SALA  DE CASACIÓN PENAL  

SALA  DE DECISIÓN DE TUTELAS Nº 1  

LUIS  GUILLERMO SALAZAR OTERO  

Magistrado  Ponente  

STP336-2018  

Radicación  n° 95771  

Acta  5  

Bogotá,  D.C., dieciséis (16) de enero de dos mil dieciocho (2018).  

ASUNTO  

Resolver  la impugnación interpuesta por CHRISTIAN DAVID MORAN CUAN,  respecto del fallo proferido el 20 de octubre de 2017 por la Sala  “Penal de Decisión” del Tribunal Superior de  Cúcuta, mediante el cual negó por improcedente el  amparo de los derechos fundamentales al trabajo en condiciones dignas  y justas, mínimo vital y familia en la acción de tutela  promovida contra la Dirección Ejecutiva de la Justicia Penal  Militar, tramite al que se vinculó al Ministerio de Defensa  Nacional, Juzgado 168 de Instrucción Penal Militar de  Bucaramanga, Comandante de la policía Metropolitana de Cúcuta,  Coordinadora Grupo Administración de Personal de la Justicia  Penal Militar y la Procuraduría 283 Judicial Penal I de  Cúcuta.  

1.   LA DEMANDA  

Los  hechos en que se soporta fueron relacionados  por la Sala  “Penal de Decisión” del Tribunal Superior de  Cúcuta  en los siguientes términos:  

“El  capitán Christian David Moran Cuan, como Juez 190 de  Instrucción Penal Militar, los narra de la siguiente manera:  

Desde  el 27 de mayo de 2013 me desempeño como Juez 190 de  Instrucción Penal Militar, Juzgado que tenía su sede en  la ciudad de Bucaramanga.  

Mediante  resolución No.000291 del 01/06/2017, se dispuso el cambio de  sede del Juzgado 168 de Instrucción Penal Militar a la ciudad  de Cúcuta.  

Contra  la resolución antes señalada fue presentada acción  de tutela por el titular del Juzgado 168 de Instrucción Penal  Militar la cual fue fallada en su favor en las dos instancias, la  segunda con fecha viernes 11 de agosto de 2017, sobre el cual debo  manifestar desconozco la fecha de notificación del mismo, que  presumo no se surtió antes del lunes 14 de agosto de 2017.  

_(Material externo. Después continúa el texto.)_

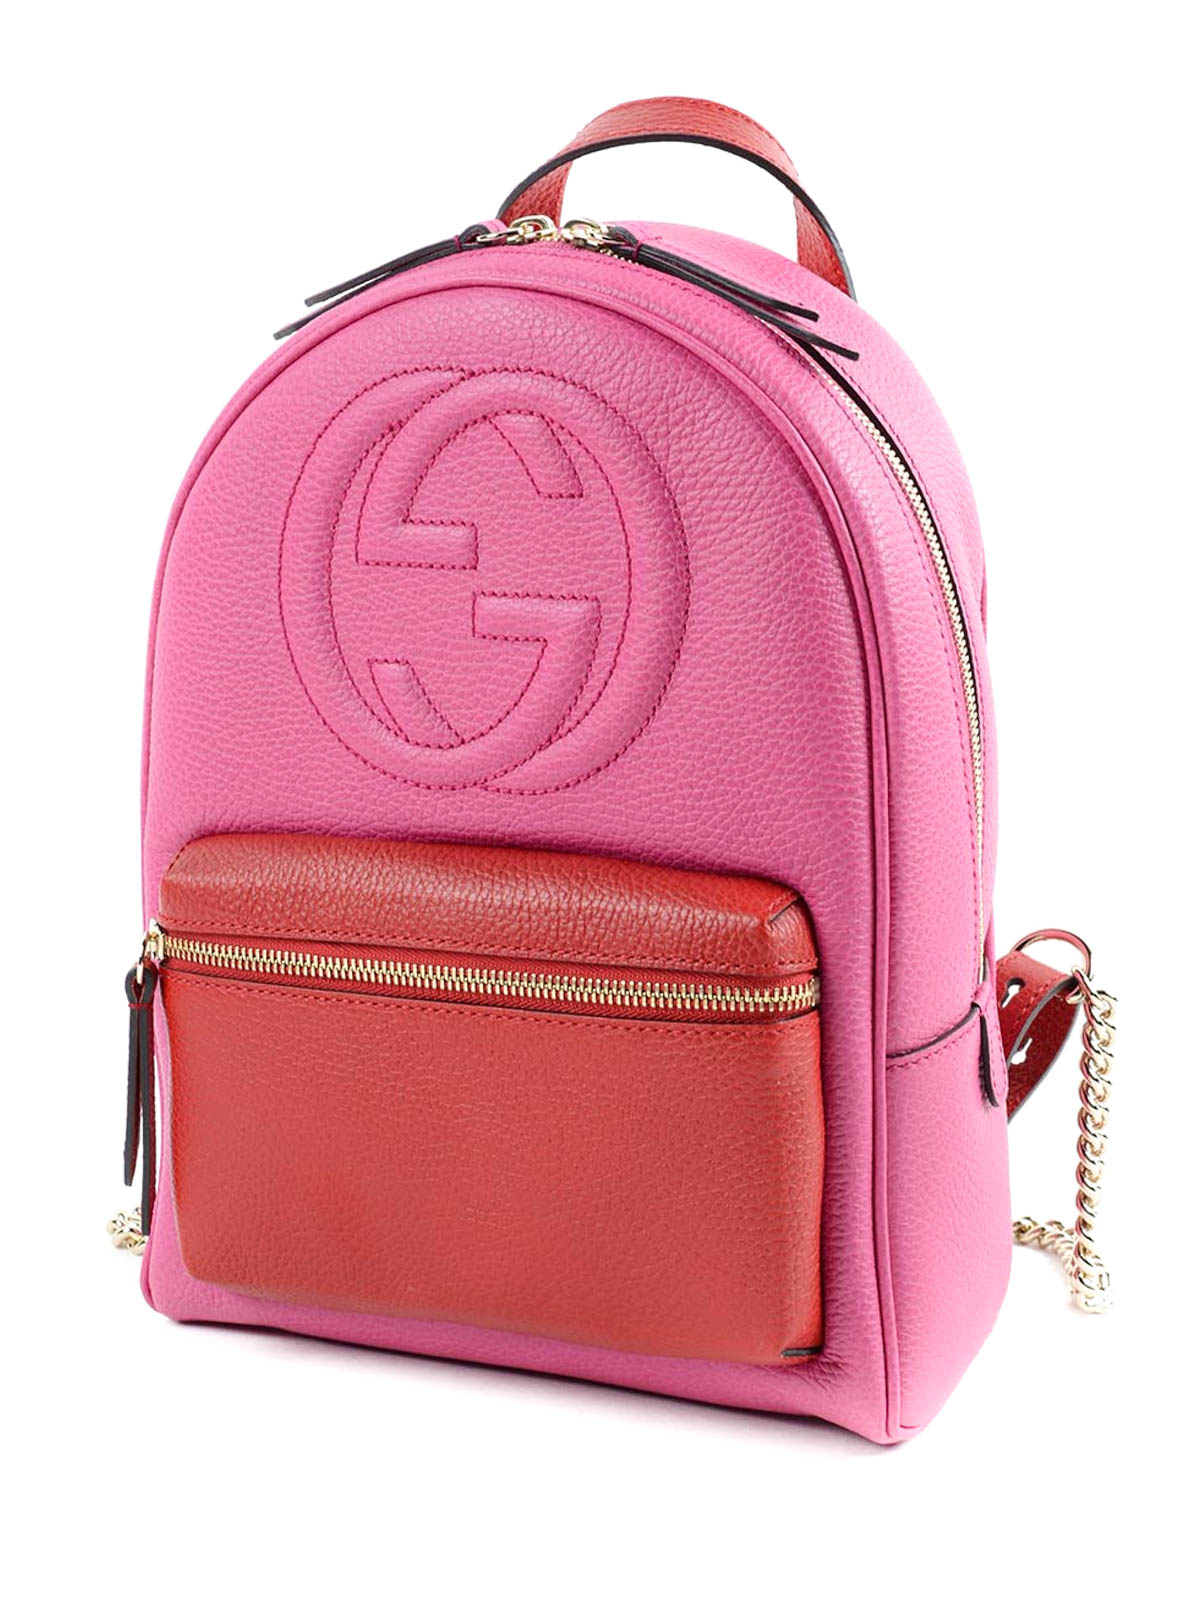 Gucci - Soho backpack - backpacks - 431570 CAO2G 5592 | 0

El  día 17 de agosto de 2017 se profiere por parte de la dirección  Ejecutiva de la Justicia Penal Militar la resolución 000447,  sin que para ello se cumpliera con  ninguno de los requisitos que en  múltiples Jurisprudencias ha señalado la Corte  Constitucional, para ordenar el Cambio de sede de labores de un  funcionario (IUS VARIANDI), como lo demostraré a continuación.  

(…)  

Ahora  bien, frente al caso en concreto me permitiré demostrar que no  se cumplió ninguno de los requisitos para ordenar el cambio de  sede de Juzgado 190 de Instrucción Penal Militar y que por el  contrario se trató de una decisión arbitraria por parte  de los accionados.  

Frente  a los requisitos o aspectos mínimos que deben tenerse en  cuenta para ordenar el traslado de un trabajador, la honorable Corte  Constitucional (…)  

Lo  cual trayéndolo a colación en el caso concreto se podrá  evidenciar que no se cumplió ninguno de los mismos por las  siguientes razones:  

A.  SE TRATÓ DE UNA DECISIÓN INTEMPESTIVA Y SIN ESTUDIOS  PREVIOS, EVIDENTE SI SE TIENE EN CUENTA LO SIGUIENTE:  

Como  se observa en lo plasmado en la resolución 000447 del 17 de  agosto de 2017, al interior de la cual se evidencia que al obtener  una decisión desfavorable el día viernes 11 de agosto  de 2017,referente al traslado del juzgado 168 de instrucción  penal militar dispuesta mediante resolución No. 000291 del  01/06/2017, la cual muy posiblemente solo conocieron hasta el lunes  14 de agosto de 2017, de forma inmediata y sin ningún estudio  previo, se decide que el juzgado que debe cambiar de sede es el  Juzgado 190 de I.P.M.  

Reitero  que dicha decisión se tomó sin ningún estudio  previo como se demostrará en los siguientes ítems de mi  escrito.  

B.  NO SE TUVIERON EN CUENTA LAS CONDICIONES FAMILIARES DEL SUSCRITO  ACCIONANTE, AL MOMENTO DE QUE SE DISPUSO EL CAMBIO DE SEDE DEL  JUZGADO 190 I.P.M. A LA CIUDAD DE CÚCUTA  

En  la actualidad mi pareja se encuentra en estado de embarazo, con  recomendación médica de mantener reposo absoluto, ello  debido no solo a los riesgos propios del primer trimestre de  embarazo, sino también a sus antecedentes médicos que  se señalarán más adelante.  

Las  situaciones económicas que se describirán más  adelante, me han colocado en natural perjuicio irremediable causado  por los accionados, pues para presentarme en la ciudad de Cúcuta  tuve que costear pasajes terrestres que era lo único para lo  que me alcanzaba, dejando en la ciudad de Bucaramanga a mi familia  por razones antes expuestas y económicas que se señalarán  más adelante, lo que ahora afecta también el derecho  fundamental a la familia, debido a que de no haberme presentado en la  fecha indicada en la citada resolución, me hubiese visto  inmerso en investigaciones disciplinarias e incluso en la pérdida  del cargo.  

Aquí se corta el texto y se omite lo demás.